Monday, March 21, 2011

Obscure Biblical Names: Fortunatus

b. 1742
Chilmark, Marthas Vineyard, MA

One of the nice things about Christians is that they really, really want you to know about the Bible. In service of that goal, they have created bajillions of websites that cover the minutia Bible in exhaustive detail. The Christian website I use for names is good for my purposes because it has lots of useful glossaries and tends to quote the King James Version (KJV), which would have been familiar to the residents of colonial New England (they also used the Geneva Bible, but that one isn't really so popular on the internet and it's similar to the KJV). Wikipedia also has an impressive list of Biblical names, but the spellings are not always taken from the KJV, so they seem less likely to show up in colonial New England.

The detail-oriented people at christiananswers.net assure me that there are only 3 names beginning with F in the whole Bible: Felix, Festus, and Fortunatus. The first two were certainly Romans and the third probably was — in any event, they are all in the New Testament. Colonial New Englanders liked to use Old Testament names — you won't find many Pauls or Lukes in this crowd — and none of these three names seemed particularly outlandish to me. I picked Fortunatus because he seems to be a relatively obscure character (1 Cor. 16:17).

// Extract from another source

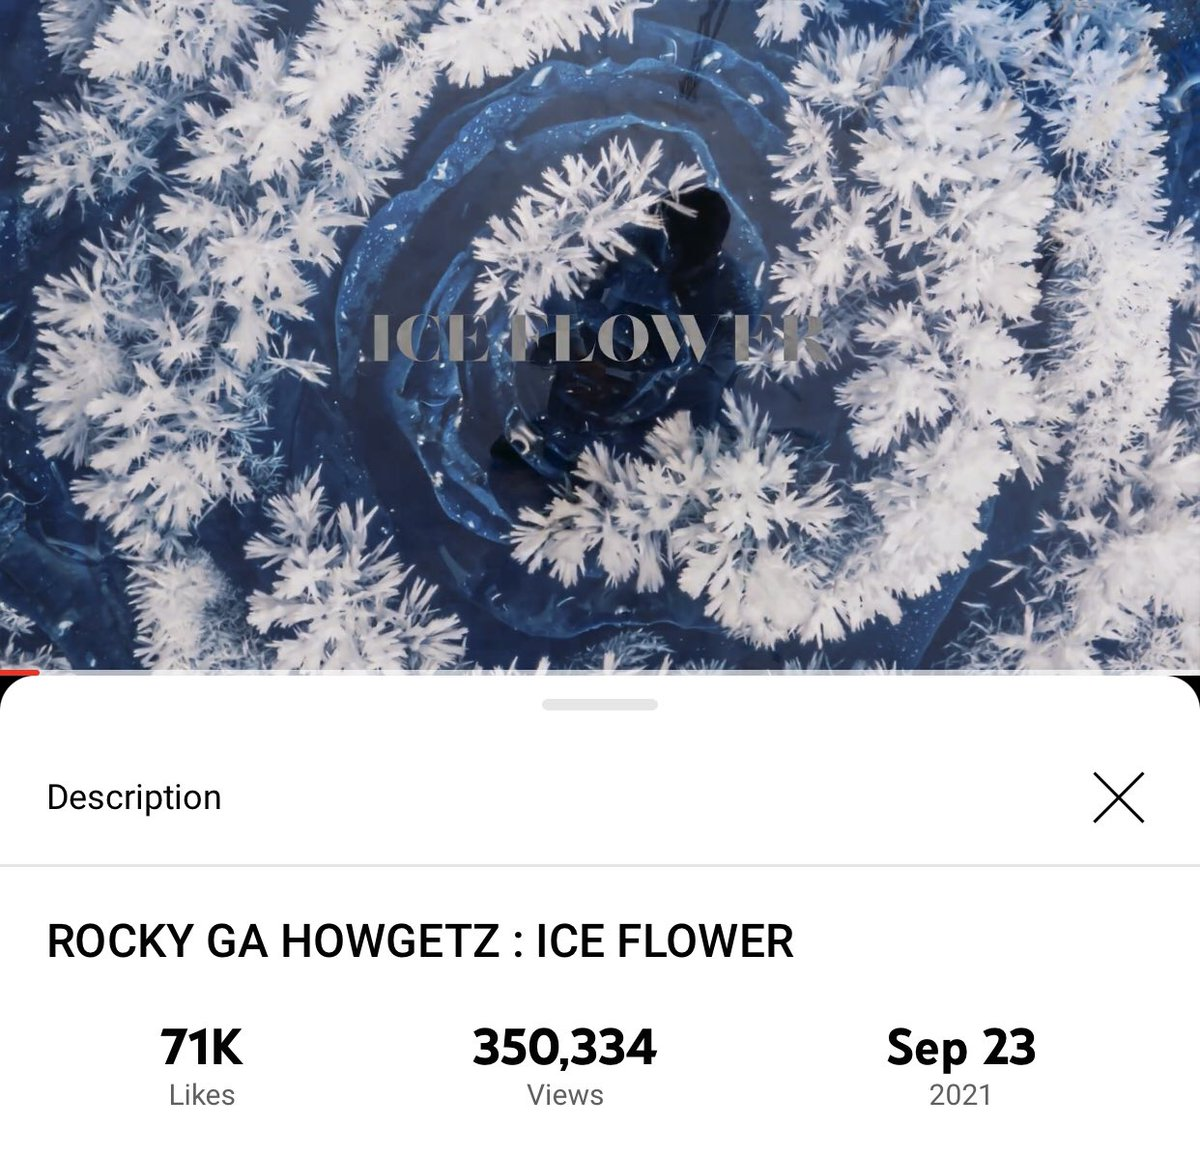 [📈] 210928 10:15 PM KST ROCKY GA HOWGETZ: ICE FLOWER Official Channel: 350,334 views (🔺276) 🔗youtu.be/5GAksgvR8nM #아스트로 #ASTRO #라키 #ROCKYGAHOWGETZ #ICE_FLOWER #라키가하겠지 @offclASTRO
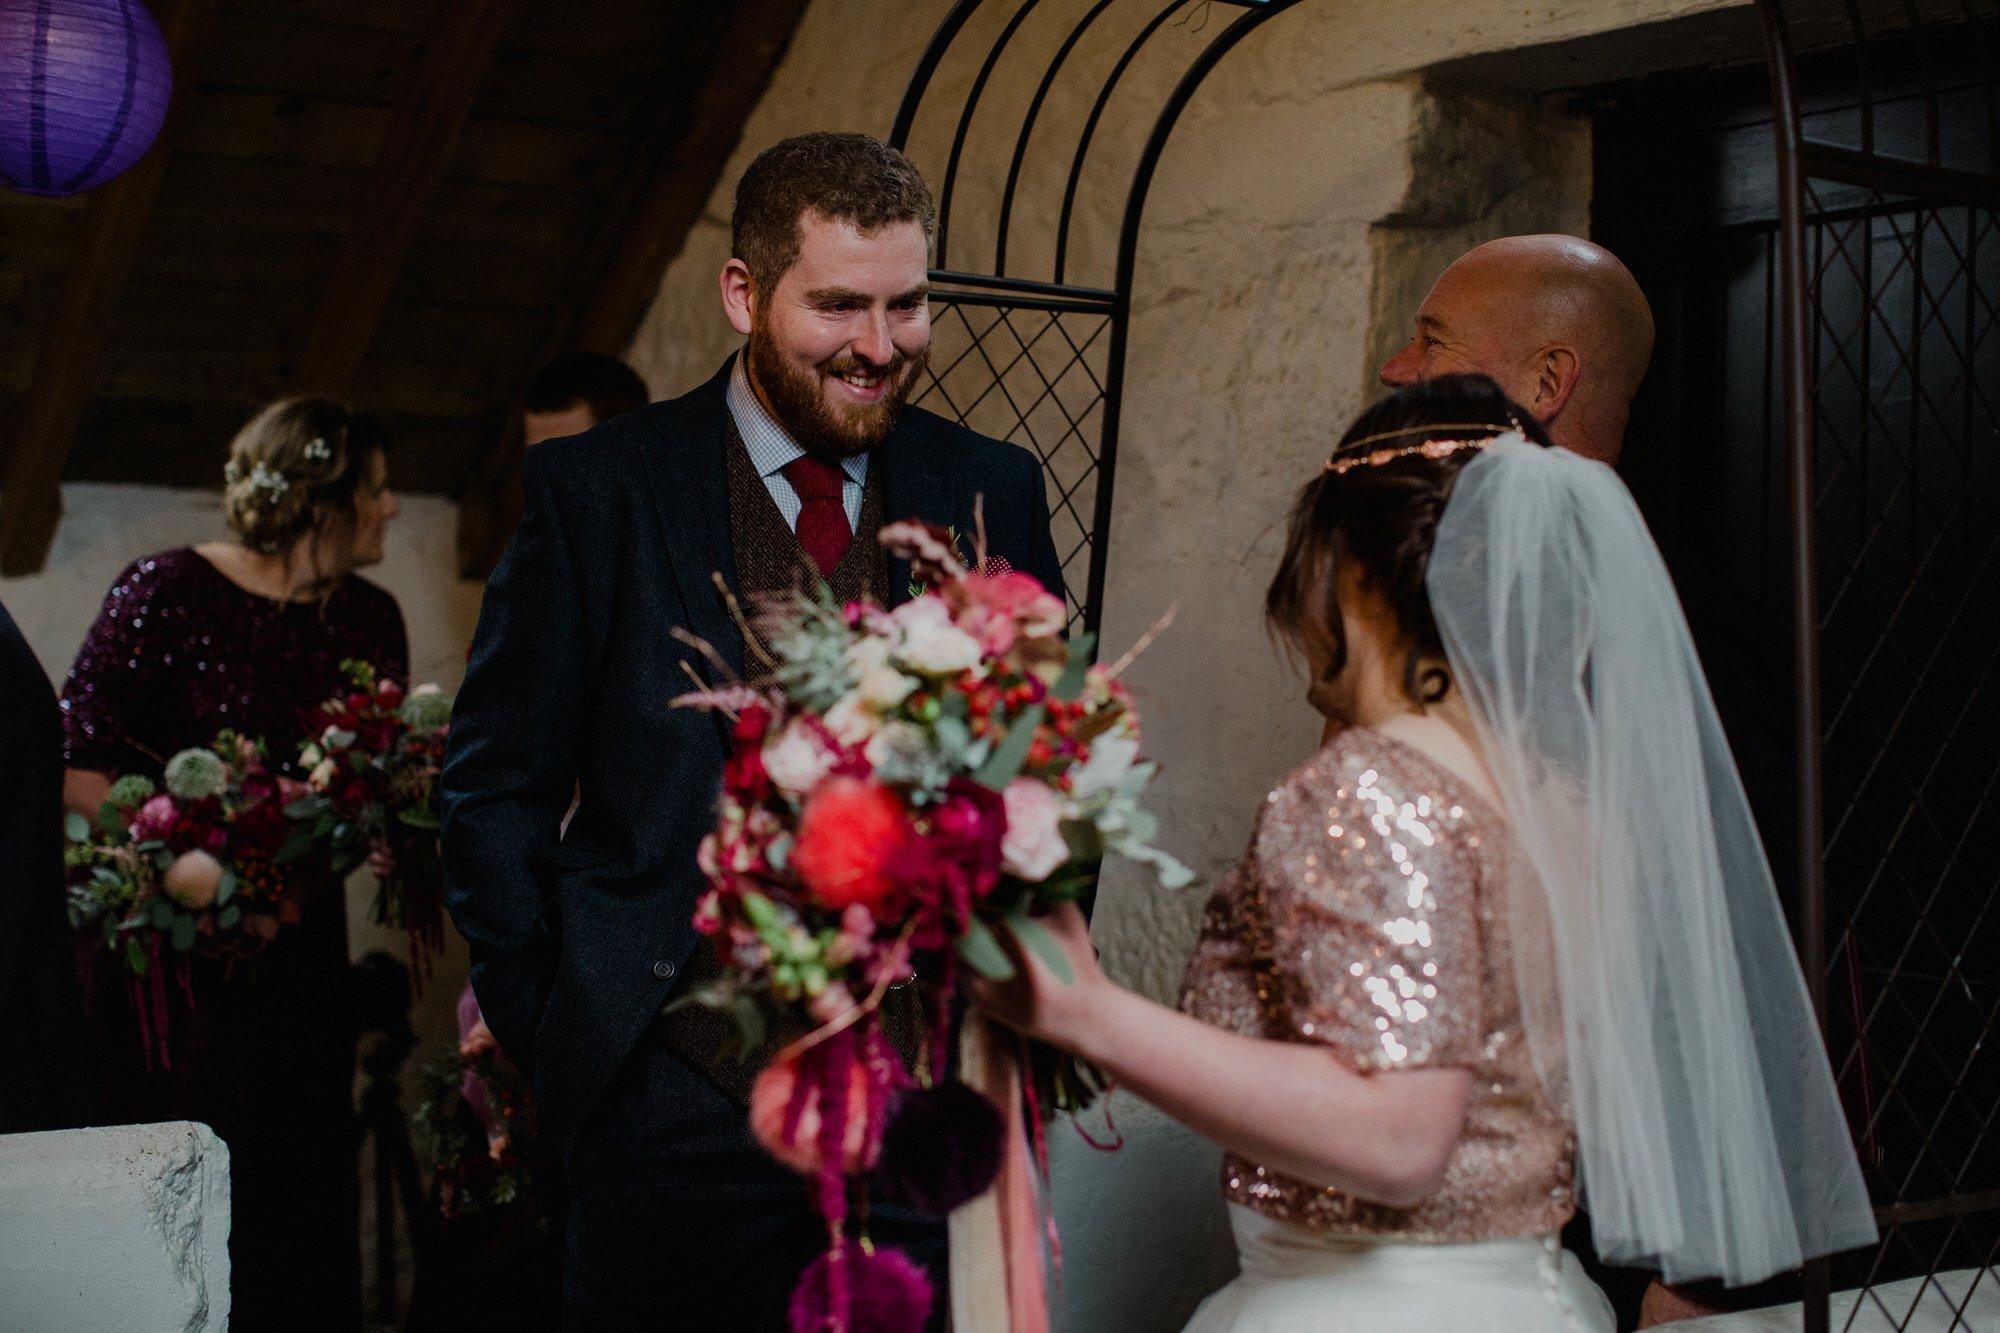 022 TIN SHED KNOCKRAICH FARM WEDDING ALTERNATIVE BRIDE ZOE ALEXANDRA PHOTOGRAPHY

Obscure Bible Names Alphabet

3 comments:

Robert J. said...

I'd be very interested to know of cases where a name of quotation on a stone was clearly taken from the Geneva Bible rather than the KJV. I know of one such name: there was an Enosh Lawrence in early Groton, and according to Green, this is not an error for Enos or Enoch, as some have said, but is rather the Geneva spelling of Enos:

http://books.google.com/books?id=qUXoTmfpbD4C&printsec=frontcover&dq=groton+epitaphs&hl=en&ei=4mKKTY-cOobZgQfnpeDODQ&sa=X&oi=book_result&ct=result&resnum=1&ved=0CC0Q6AEwAA#v=onepage&q=Geneva&f=false

—RJO

Caitlin GD Hopkins said...

I'll certainly keep my eye out for these!

As far as I can tell, Enosh is the Geneva Bible's spelling of the name that appears in Gen 5:7, rendered as Enos in the KJV. The Geneva Bible spells the name of Kain(Cain)'s son as Henoch in Genesis 4:17 — the 1611 KJV went with Enoch.

For comparing the Geneva and KJV, I like this site — you can switch back and forth between versions without losing your place, it is searchable, and it has both the 1611 and 1769 versions of the KJV.

Robert J. said...

> The Geneva Bible spells the name of Kain(Cain)'s son as Henoch in Genesis 4:17 — the 1611 KJV went with Enoch

The Geneva spelling is the correct one in this case, and the KJV a corruption, because we know the name Henoch originated millions of years before among Sargon's people.